Wed, Nov 15, 2006 - Page 7 News List

World News Quick Take

AGENCIES

■ Mexico

Indian groups clash

Two people were killed in a clash between two Indian groups, one of them backed by the Zapatista rebels, in a land dispute in the Lacandon jungle in the southern part of the country, police said. The groups fought with firearms, sticks and machetes in the village of Viejo Velasco, 400km north of the state capital of Tuxtla Gutierrez, Chiapas state police said in a statement on Monday.
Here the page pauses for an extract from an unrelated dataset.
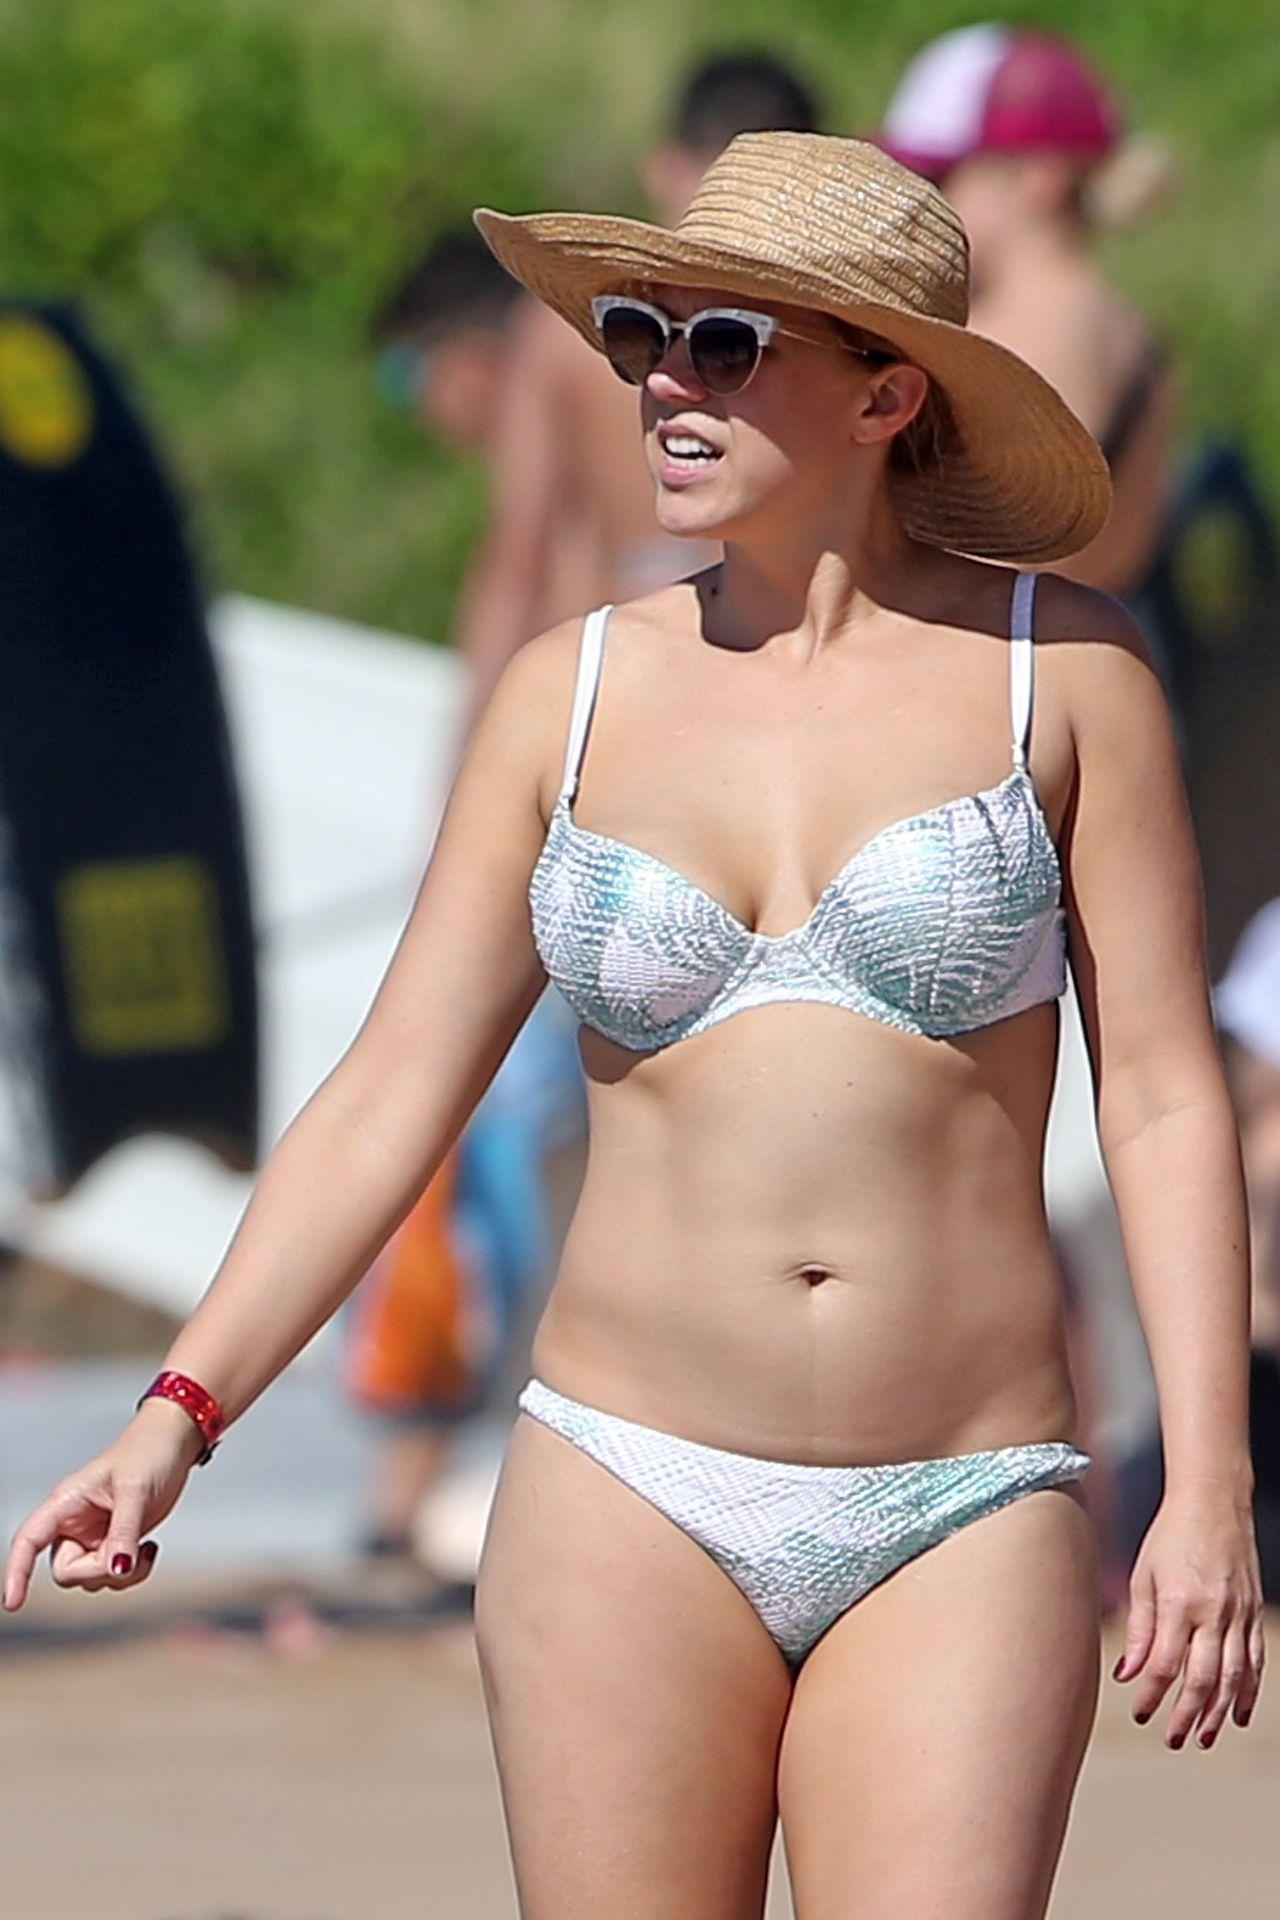 Jodie sweetin bikini pic

Lacandon Indians, who have lived for centuries in the jungle near the Guatemalan border, are opposed to the encroachment of Zapatista-backed tribes from the nearby highlands into the jungle to farm.

■ United States

DEA agent's killer gets life

An Arizona court on Monday sentenced a Mexican who was once on the FBI's most-wanted list to life in prison for his part in killing a US Drug Enforcement Administration (DEA) agent more than a decade ago. Maricopa County Superior Court in Phoenix sentenced Agustin Vasquez Mendoza to life with the possibility of parole after 25 years for masterminding the murder of DEA special agent Richard Fass in Glendale, a suburb of Phoenix, in 1994. Vasquez, 37, was also sentenced to several terms of between seven-and-a-half and 20 years to run consecutively, on charges ranging from aggravated assault to kidnapping and attempted armed robbery.

■ United States

Gunman dies in standoff

A man being sought for shooting at police officers over the weekend barricaded himself in a Homestead, Florida, home, firing a high-powered weapon at officers in a nearly nine-hour standoff before he was found dead. Police would not say how the suspect died or confirm his identity. They said officers did not fire any shots into the home. The incident prompted a lockdown at nearby Homestead Middle School and children at two other elementary schools were not allowed to leave unless their bus route was out of the standoff area or their parents picked them up. Police said another man who had been in the home with the suspect left through a back door several hours before the standoff ended.

■ United States

Man charged over letters

A California man was charged with mailing more than a dozen threatening letters containing white powder to Representative Nancy Pelosi, TV talk show host Jon Stewart and other high-profile figures. Chad Conrad Castagana, 39, appeared in US District Court in Los Angeles to face a two-count complaint of sending threats and sending hoaxes by mail, but he did not enter a plea. The judge ordered Castagana held without bail pending a continuation of the hearing tomorrow. Preliminary tests showed the white powder contained in the letters was not hazardous, officials said.